Notre corpus de travail est constitué des Regrets et de La Deffence et illustration de la langue
françoyse de Joachim Du Bellay, des Amours de Pierre de Ronsard, des Œuvres complètes de
Louise Labé, de Pantagruel et Gargantua de François Rabelais, des Essais de Michel de
Montaigne, de l’Heptaméron de Marguerite de Navarre, de l’Astrée d’Honoré d’Urfé et du
Cid, de Médée et de l’Illusion comique de Pierre Corneille.

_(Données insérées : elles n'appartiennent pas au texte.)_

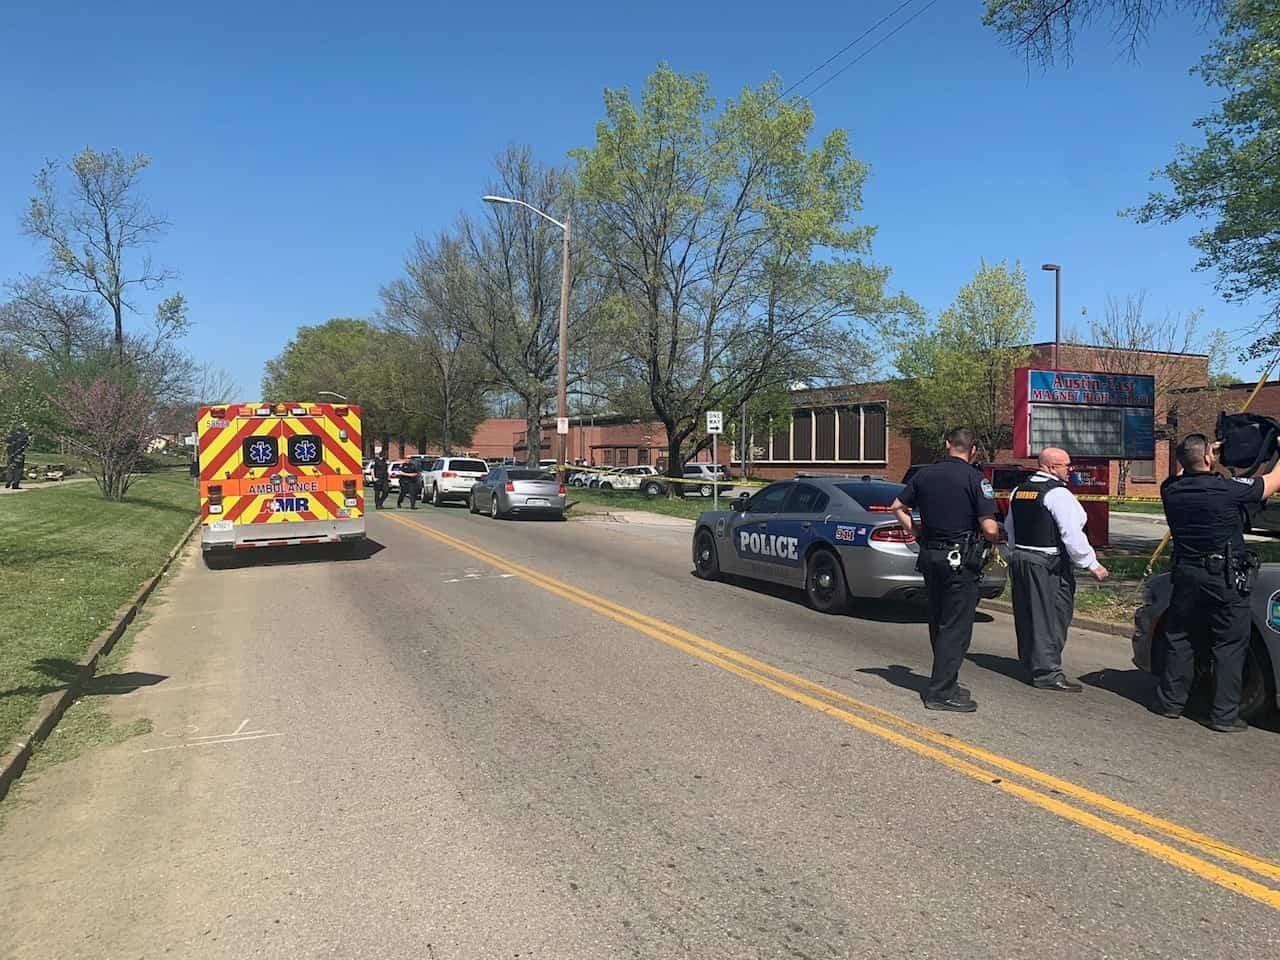 Tiroteo con varias víctimas en instituto de secundaria de Tennessee, en EEUU 1

D’un point de vue morphologique, nous avons d’abord constaté que les grammaires du
français préclassique visaient non seulement à estomper les différences de prononciation
existant dans le royaume, mais encore à résoudre les difficultés d’ordre graphique qui en
résultaient, en assumant l’unité et la singularité de la langue française aussi bien dans sa
prononciation que dans son orthographe. De ce constat résulte un enjeu morphologique
majeur : le travail d’unification et de simplification progressive des paradigmes du subjonctif
de type médiéval dont découlent la généralisation de la béquille du subjonctif (exception faite
des tours lexicalisés), la simplification et l’unification des radicaux et des désinences.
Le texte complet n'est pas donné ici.